***** DATA RECORDS *****

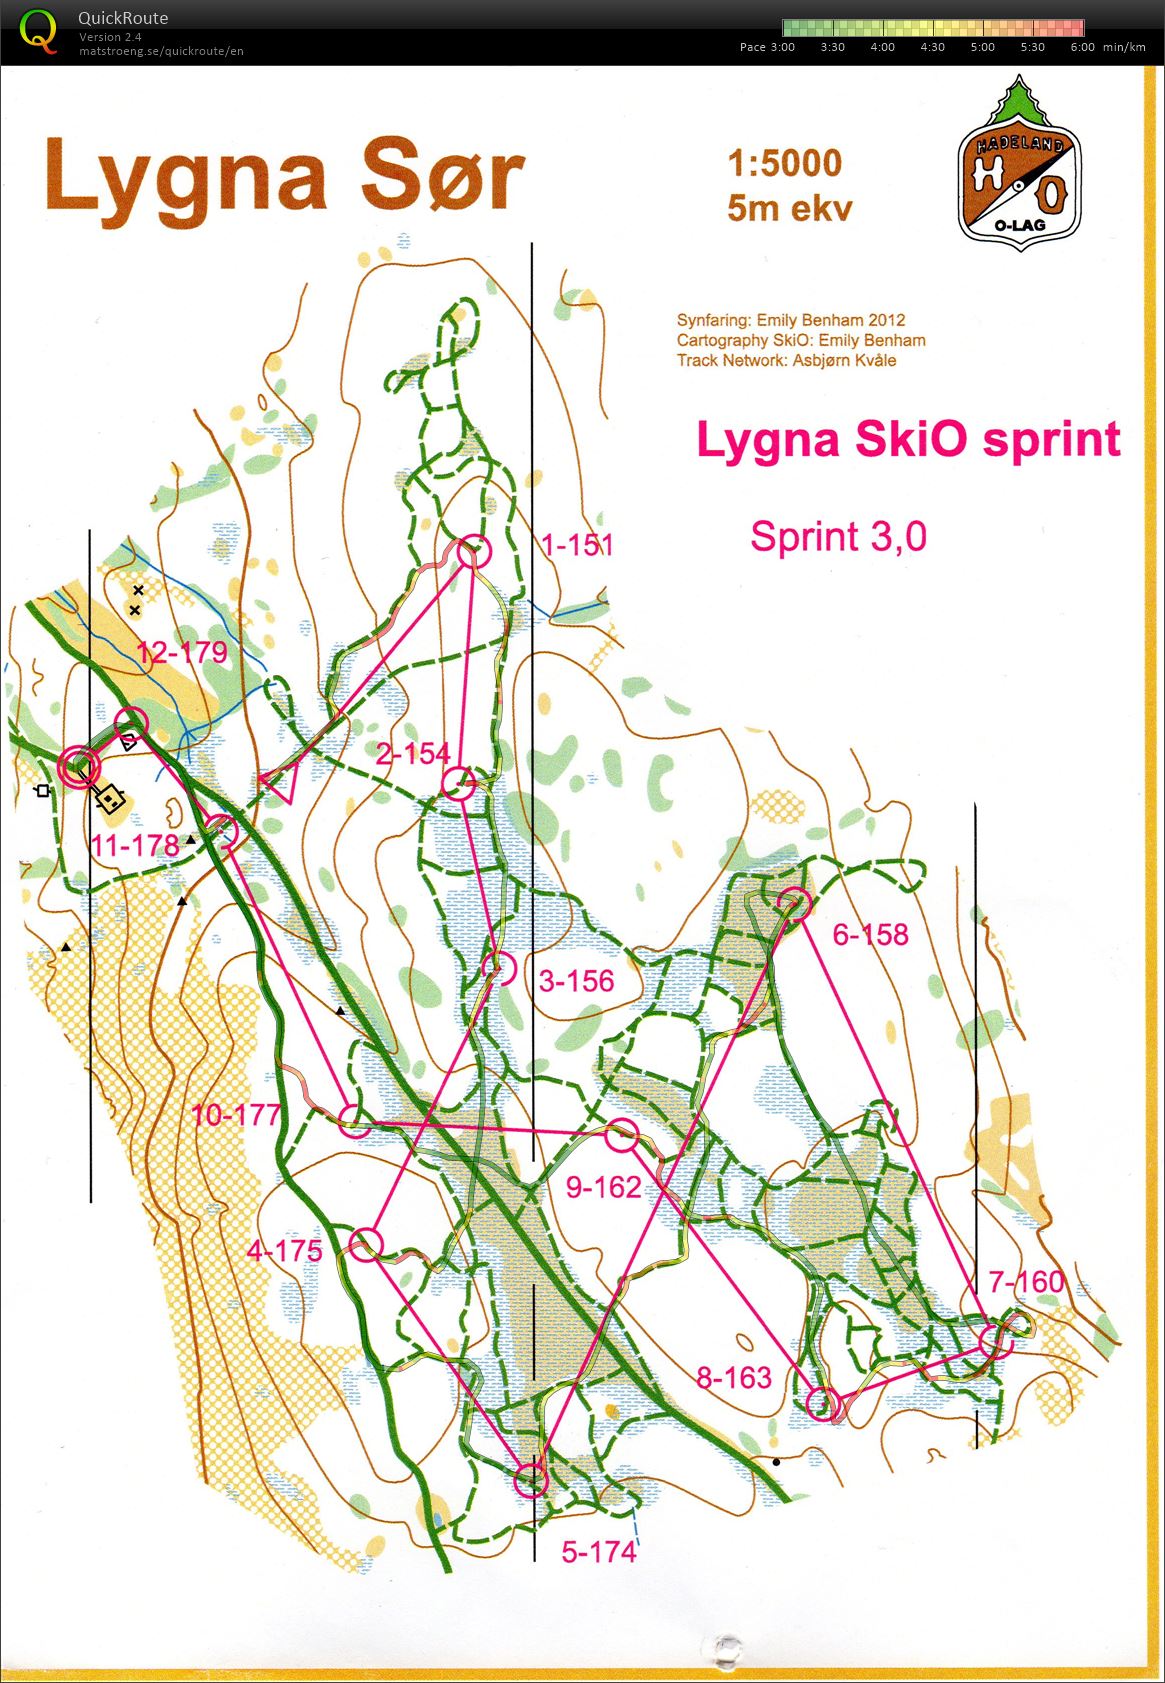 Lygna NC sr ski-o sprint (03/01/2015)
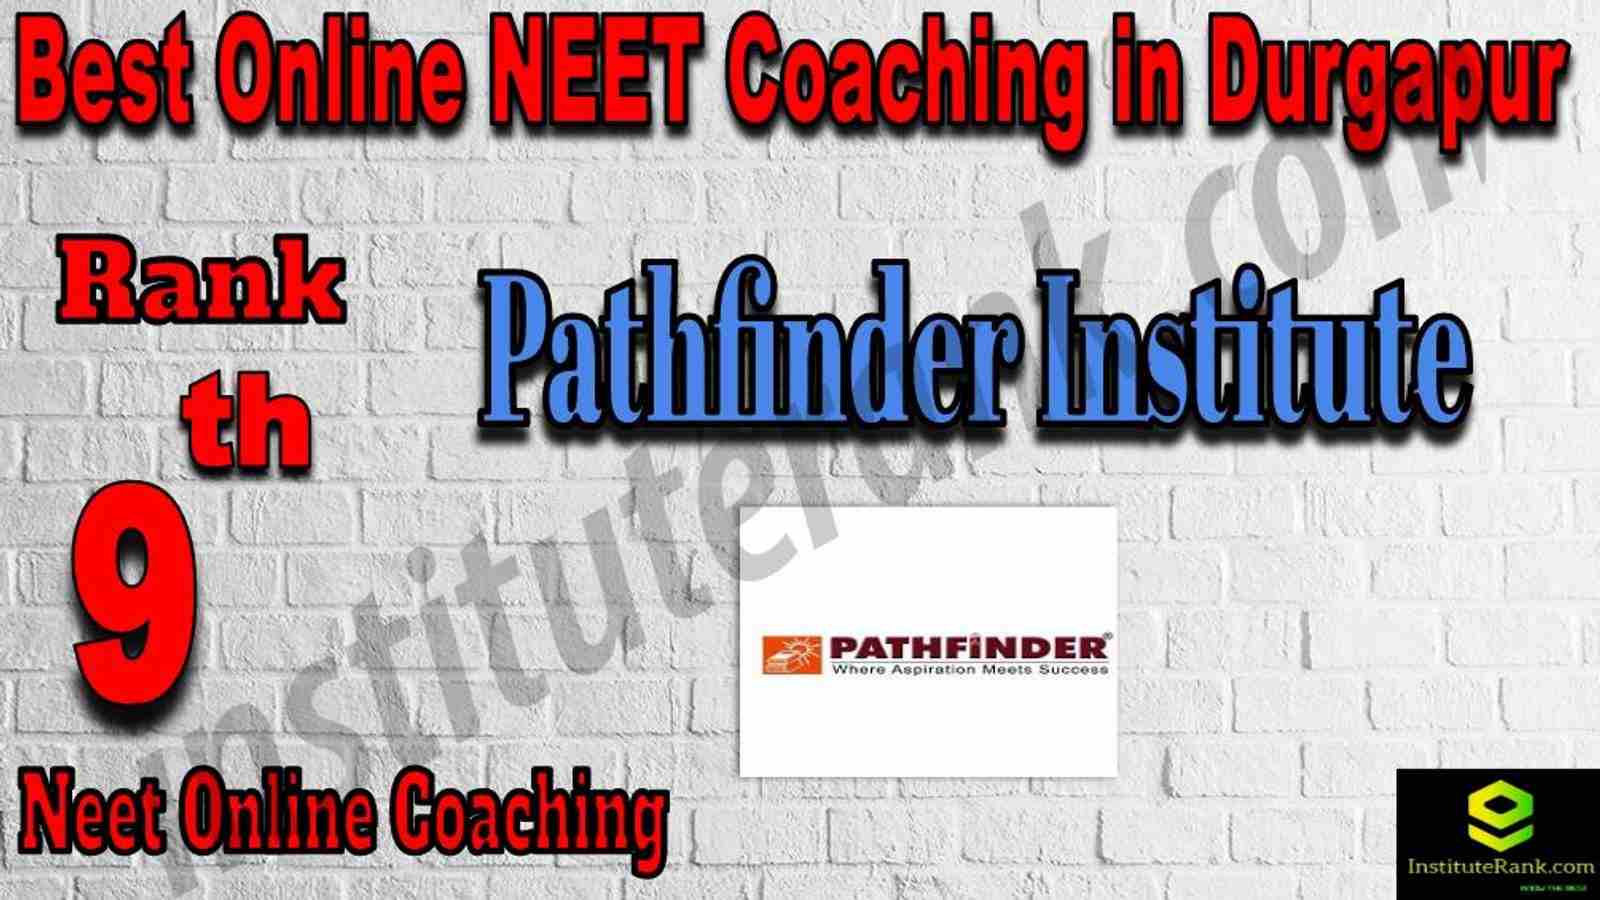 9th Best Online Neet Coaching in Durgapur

*****
***** DATA RECORDS *****

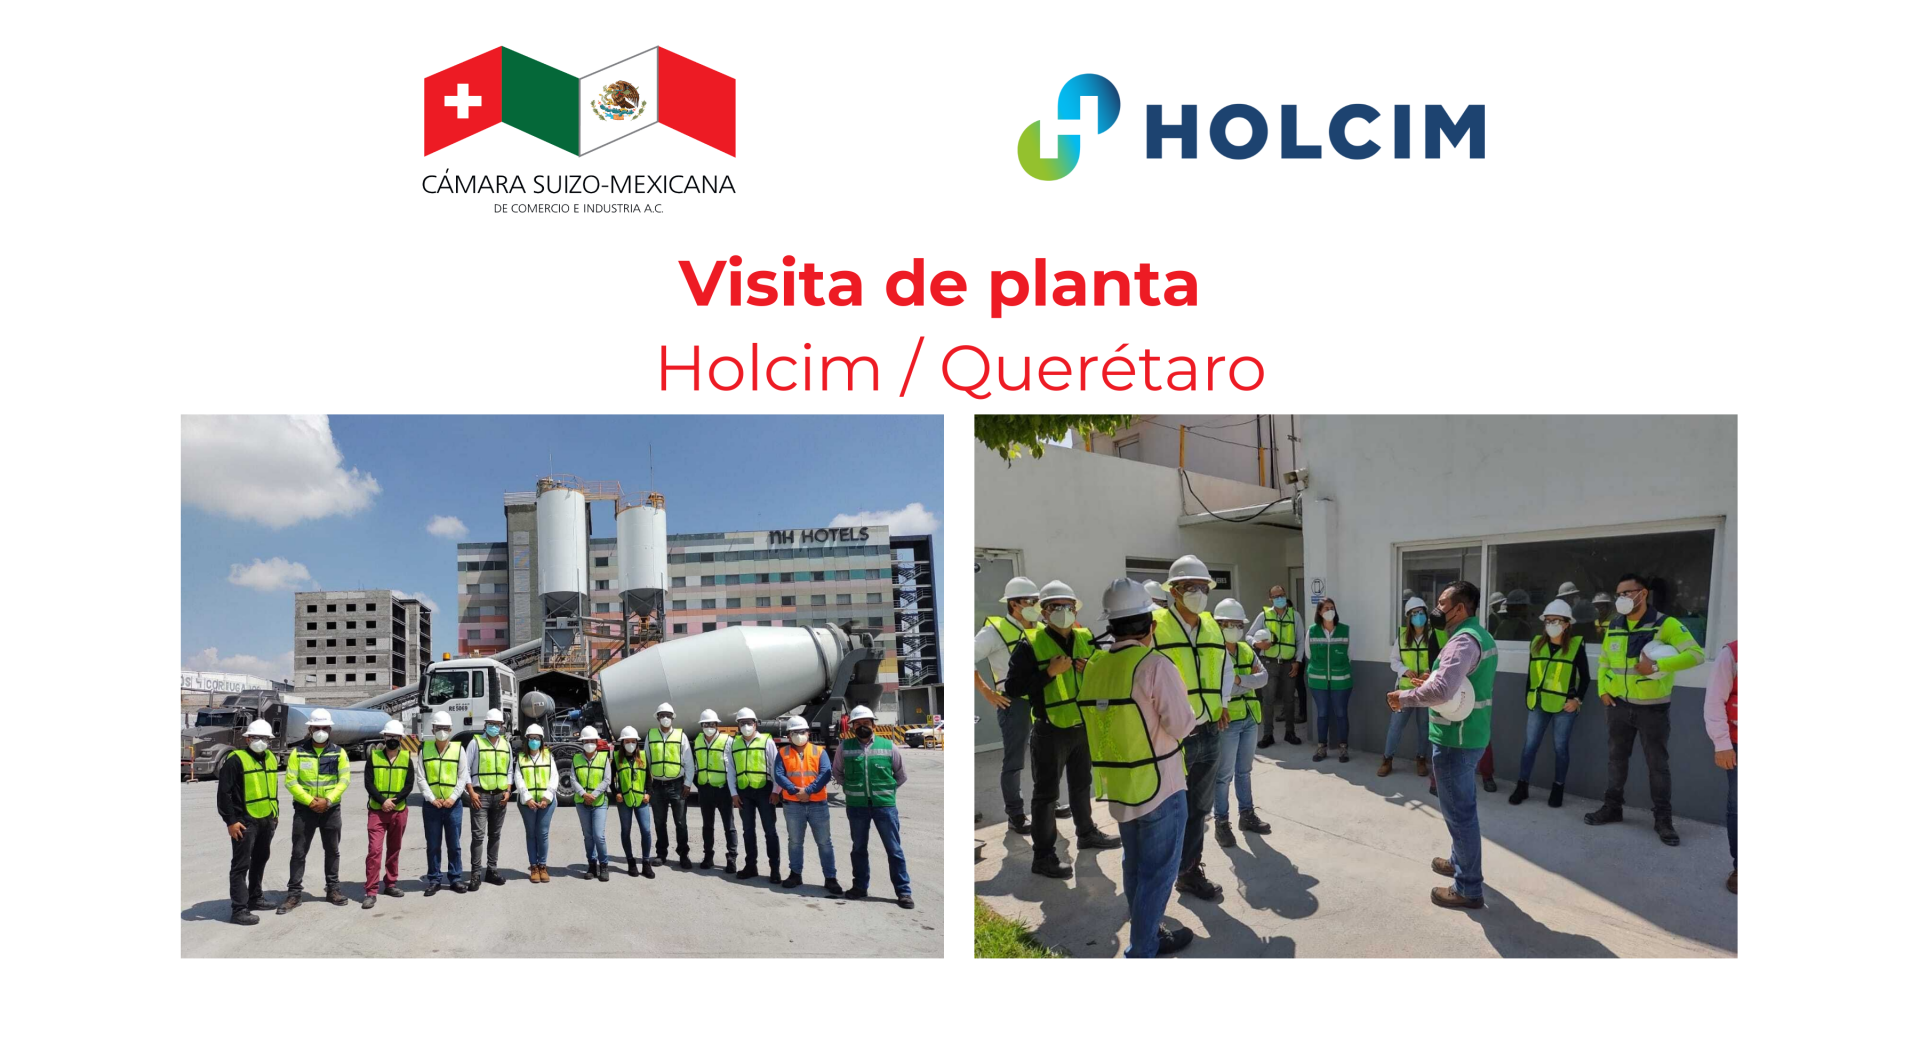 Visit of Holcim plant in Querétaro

*****

All that is wanted is the lines above between the one containing "Lygna NC sr ski-o sprint (03/01/2015)" and the one containing "9th Best Online Neet Coaching in Durgapur", inclusive, restated word for word, with pictures omitted.

 Lygna NC sr ski-o sprint (03/01/2015)
 9th Best Online Neet Coaching in Durgapur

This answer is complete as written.